← All stories
● Covered by 1 source Β· 1 reportHigh impact

Pulpie Introduces Cost-effective Models for Web Content Extraction

Aggregated by BrevFeed ai Β· updated 1h ago
πŸ”– Save

Pulpie has launched a family of Pareto-optimal models for extracting main content from HTML pages, achieving state-of-the-art (SOTA) quality at significantly reduced costs. Pulpie's smallest model processes 13.7 pages per second on an NVIDIA L4 GPU, compared to Dripper's 0.68 pages, making it a compelling tool for web content cleaning.

Key points

Launch of Pulpie Models

Pulpie has introduced a series of Pareto-optimal models designed for extracting main content from HTML pages. These models achieve quality comparable to existing state-of-the-art solutions such as Dripper but at a significantly lower operational cost.

Performance Metrics

The smallest model, pulpie-orange-small, has a ROUGE-5 F1 score of 0.862 on the WebMainBench, closely matching Dripper's performance of 0.864 while having only 210 million parameters compared to Dripper's 600 million.

In terms of processing speed, pulpie-orange-small can handle 13.7 pages per second on an NVIDIA L4 GPU, starkly outperforming Dripper, which processes 0.68 pages per second. This efficiency dramatically reduces the cost of cleaning large volumes of web pages.

Architecture and Efficiency

The efficiency gains stem from Pulpie's architecture, where it labels HTML blocks as content or boilerplate in a single forward pass.

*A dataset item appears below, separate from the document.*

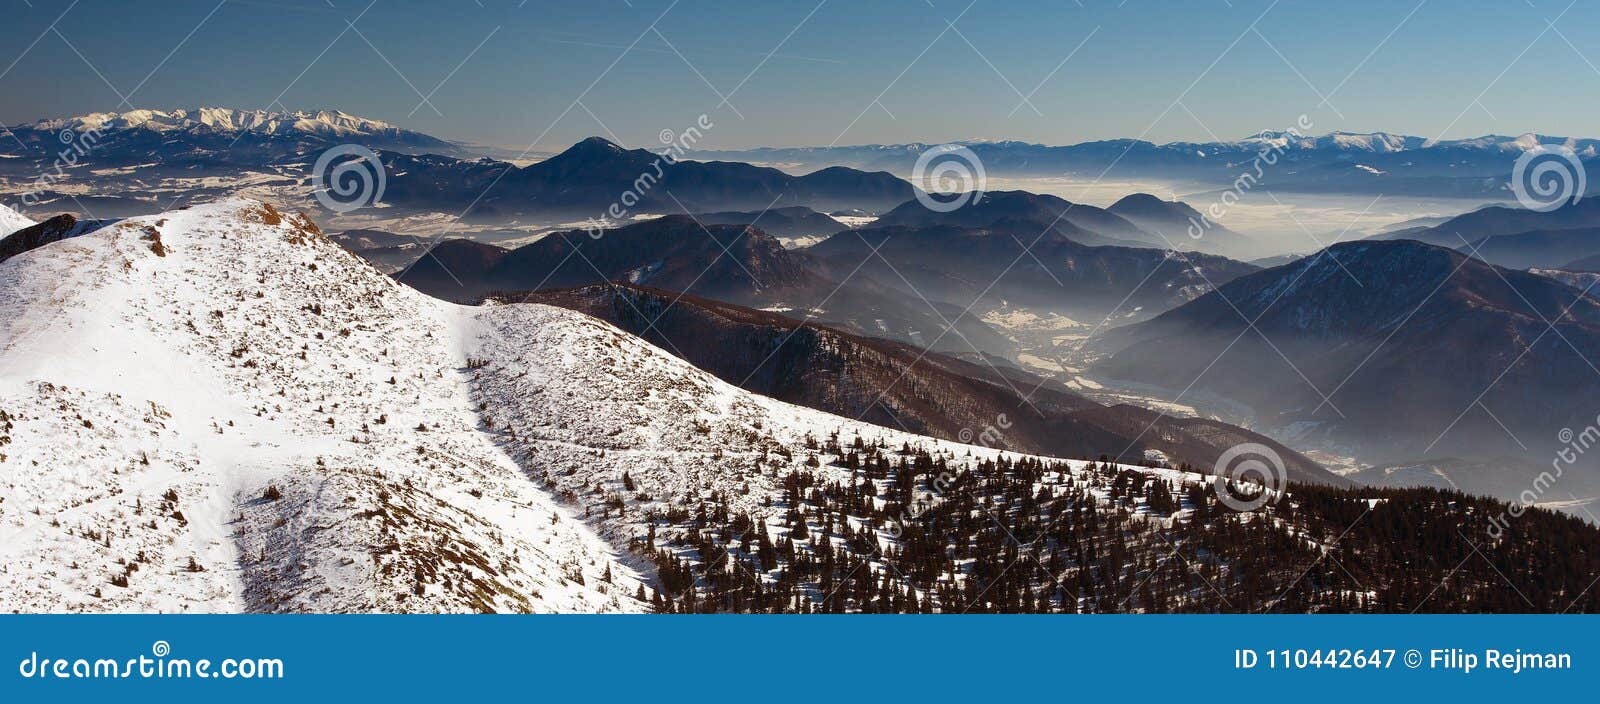 slovak landscape in winter, panorama

This streamlines the extraction process and minimizes computational overhead. The estimated cost for cleaning 1 billion pages is $7,900 with Pulpie versus $159,000 with Dripper.

Implications for AI and Data Quality

The initiative addresses the well-known issue of extraction being a bottleneck in language model training. By improving extraction quality, Pulpie enhances the quality of data consumed by language models during both pre-training and inference stages.

Research, such as the findings by Ma et al. in 2025, shows that cleaner extraction significantly boosts model performance across various benchmarks. The advantage of using models like Pulpie indicates the importance of clean data for training AI systems effectively.

Availability and Open Source

Pulpie's models are open sourced and can be found on Hugging Face, providing developers and researchers with access to high-performance extraction tools. This opens up new opportunities for efficient data cleaning and enhances the overall quality of language model training.

✨ This summary was generated by AI from the outlets' reporting listed below. It is not independently verified and may contain errors β€” check the original sources. How BrevFeed works β†’

Reporting from

Pulpie has launched a family of Pareto-optimal models for extracting main content from HTML pages, achieving state-of-the-art (SOTA) quality at significantly reduced costs. Pulpie's smallest model processes 13.7 pages per second on an NVIDIA L4 GPU, compared to Dripper's 0.68 pages, making it a compelling tool for web content cleaning.